Will Adams works directly with Tarkenton’s partners to identify and understand their organizational needs. He then assembles a cross-functional team to develop and deliver the solutions to meet the needs of the partner. Since joining Tarkenton in 2010, Will has helped develop new partnerships, plan strategic growth initiatives, and mentor organizational leaders. Will is also the co-founder of a successful Software as a Service (SaaS) business that currently serves small museums and family offices throughout North America. In addition to his business interests, Will serves on the board of Atlanta Children’s Foundation, connecting individuals, organizations, and resources to meet the needs of children in foster care.
Thank you so much for doing this with us! Our readers would love to get to know you a bit better. What’s your “origin story”? How have you come to be the person you are today?

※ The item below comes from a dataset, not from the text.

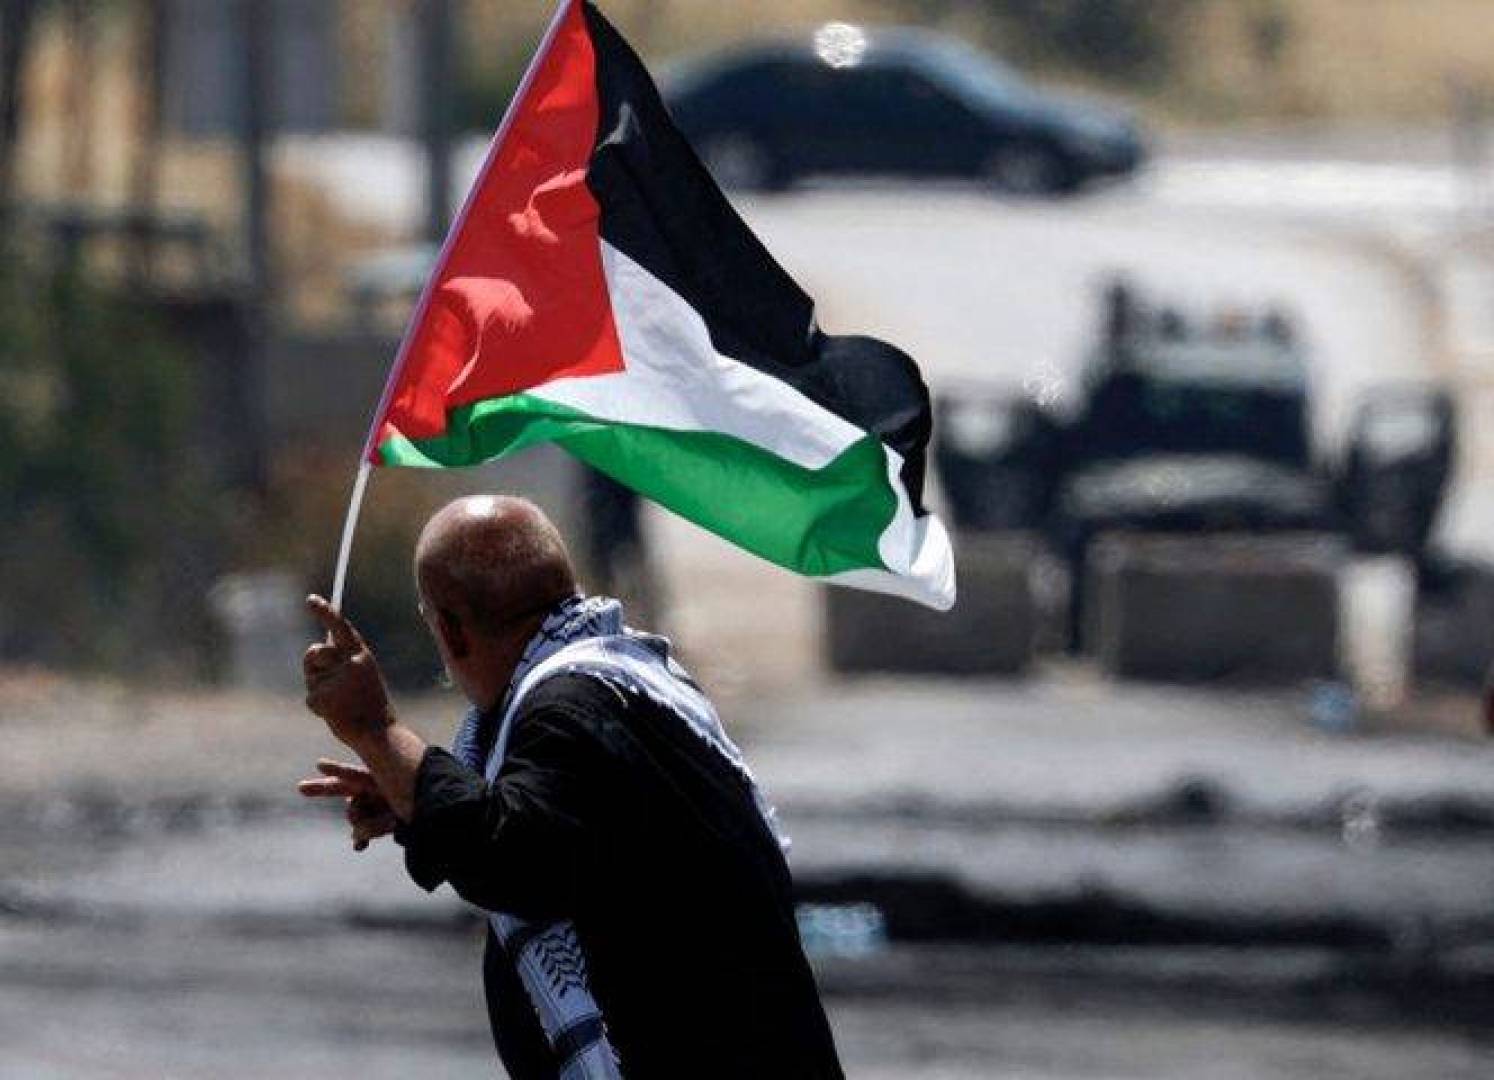 بيان صادر عن جبهة الخلاص الوطني الفلسطيني حول جريمة الكيان المؤقت في مدينة نابلس.

A few years into my post-college career with a big-box retailer, I was promoted into an overnight leadership position and immediately tasked with taking on one of the lowest performing locations in the entire chain. I was put there to turn things around, in particular, the way the location went about logistics and inventory replenishment.
Over the course of eighteen months, I led my team in taking the location from the very bottom, to the very top, in every measurable KPI. This prompted a visit — at 2am, mind you — by a group of executives from corporate who wanted to find out what had driven the performance turnaround. This brand was — and still is — “best practice driven.” You didn’t, regardless of the circumstances, deviate from best practices — but I did, and that’s how we went from the bottom to the top. I wasn’t necessarily discarding them, but I was trying to improve them — doing things in a way the brand hadn’t thought of before. So there I was, walking these executives through the store and explaining what we had done. They asked great questions, took notes and pictures, and continually conveyed how pleased they were with our performance results.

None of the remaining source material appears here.